2)tar up the /tmp/tftpboot directory on a system booted from the CD and copy the tar file to that LTSP system

3) start LTSP on the server
/etc/init.d/knoppix-terminalserver start

4) overwrite /tmp/tftpboot with the data from the previous tar file. You might have to edit /tmp/tftpboot/pxelinux.cfg/default to make sure the IP address is correct for your LTSP server. Also, I've added myconfig=scan to the boot parms so that every workstation will find and load a previously saved configuration if it exists. This is great for getting the printers all on the network. BTW, my thick clients have 4GB HDs with a swap partition and a ext2 partition for the saved config files.

5) you should now have a running LTSP from a HDD installed Knoppix/Debian system.

Now, Here is why I'm here:
I'm searching these threads because I currently have thick clients booting from one workstation( running LTSP as described above ) BUT I want to have my thick clients using kdm with yellowpages-like login validation from the LTSP system AND have the thick client NFS mount the users home directory from the LTSP system into the thick client filesystem.

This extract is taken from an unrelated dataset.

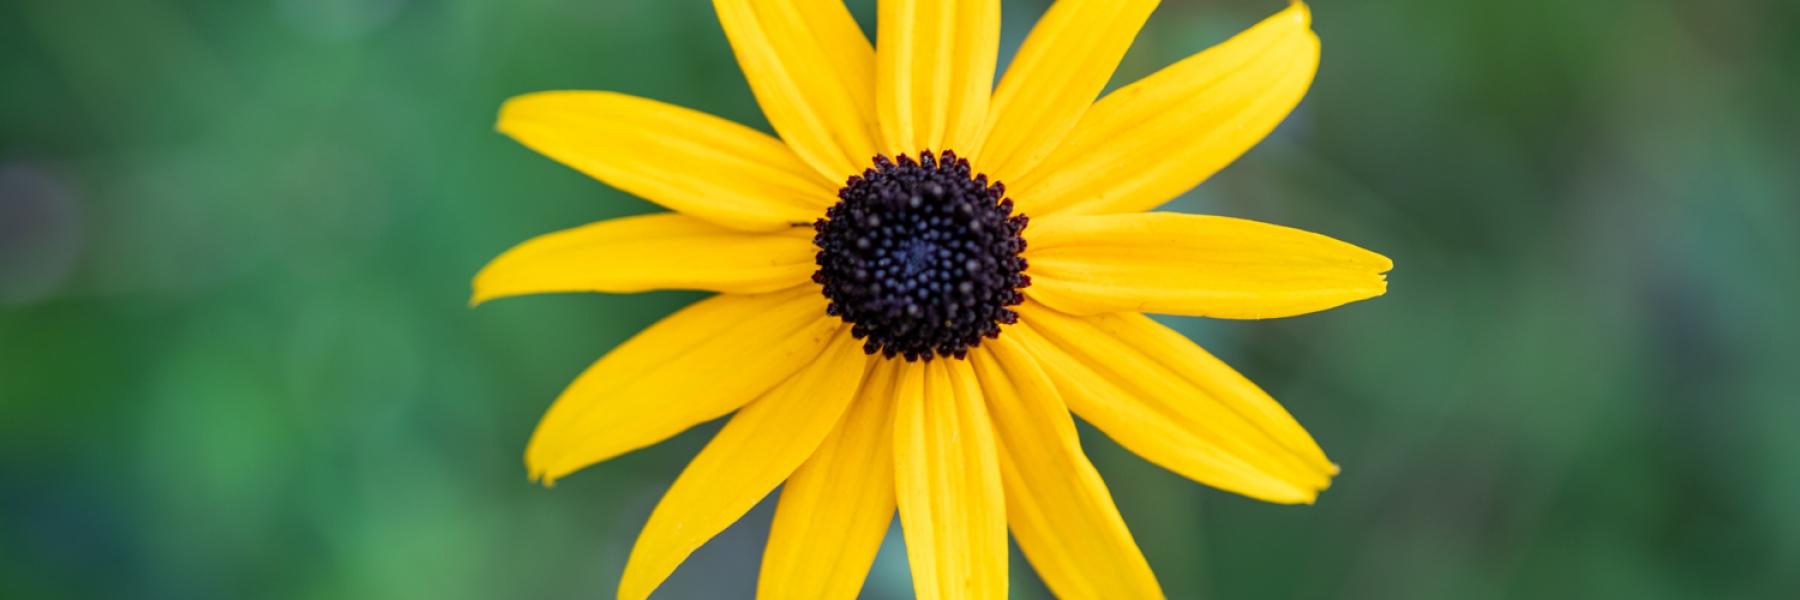 Image, Flower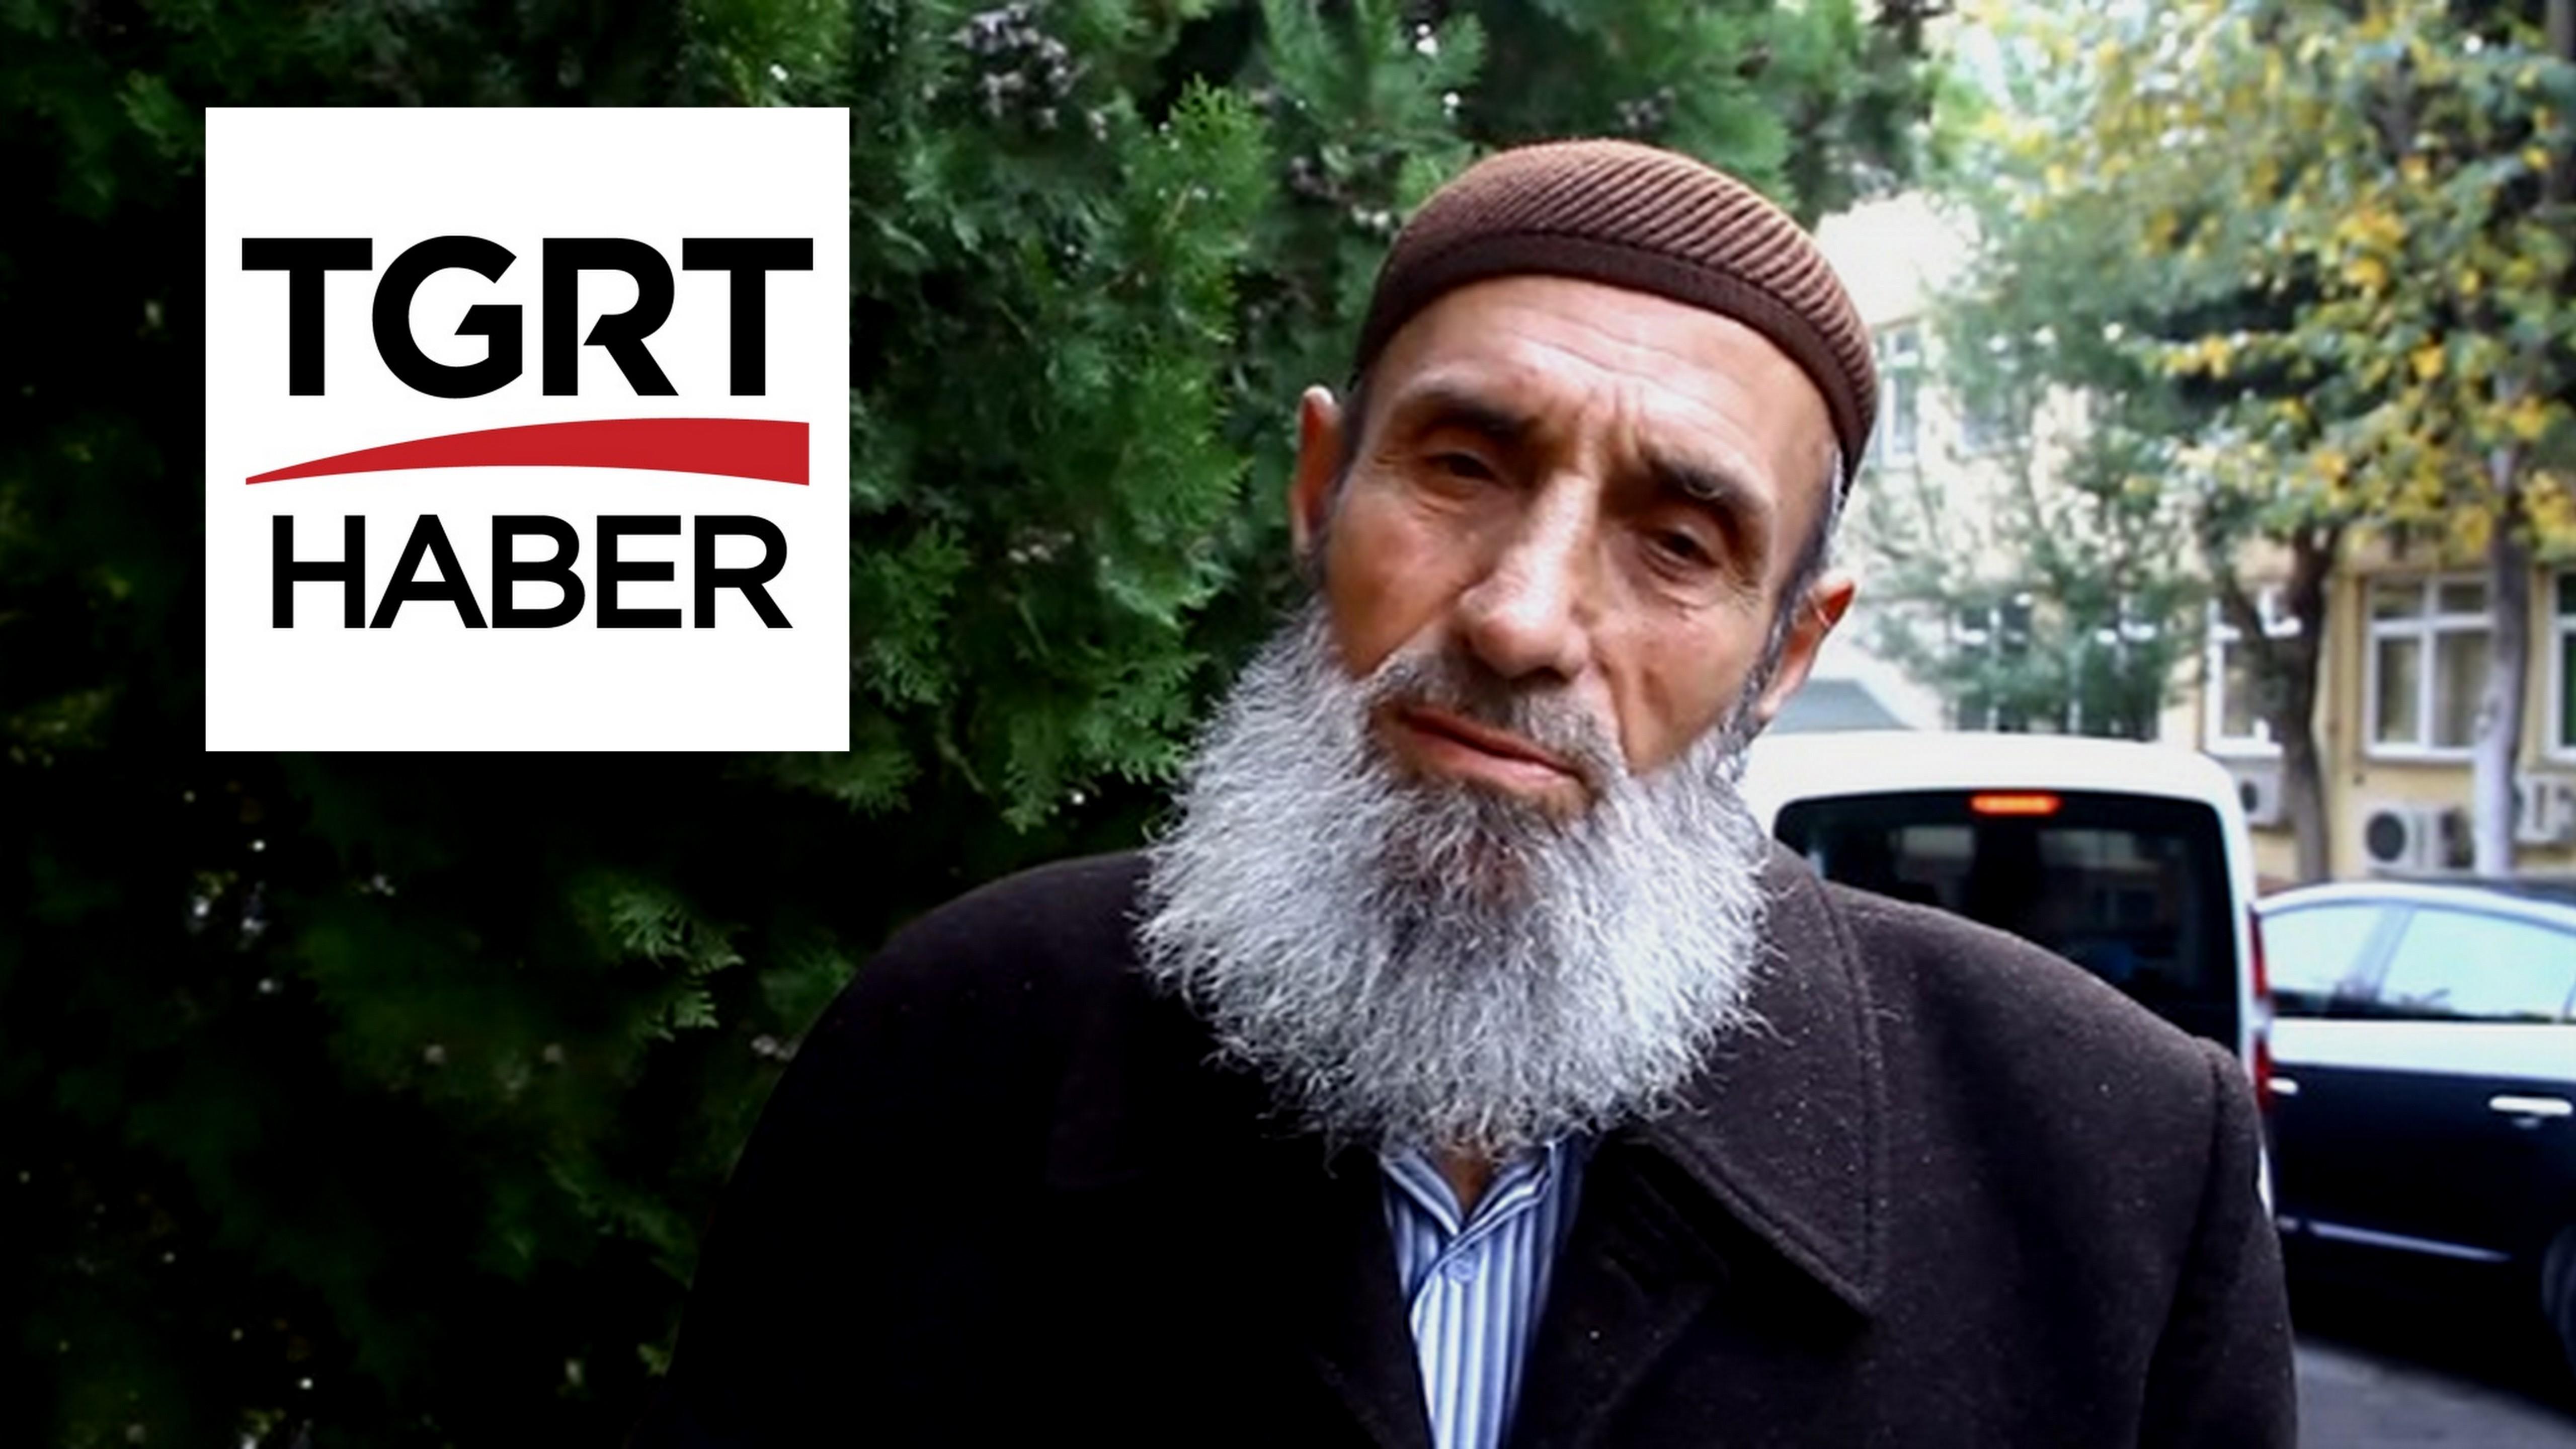 HOCA ASIM SAFİTÜRK TGRT HABER ANA HABER  MANŞETTE

I'd also like to have user specific knoppix.sh files execute on the users login for managed user configuration.

This is what I get doing it this way:
1) my users get full hardware access to the thick client, sound, peripherials, etc
2) my users get updated systems by just updating the KNOPPIX image on the LTSP server
3) my users get persistant user home directories
4) I get to manage my users home directories and runtime environment as I see fit.
5) I get to swap out hardware without worrying about pre-configuring much of anything.

This does require more hardware at the client but even old 500MHz celerons are good enough for this.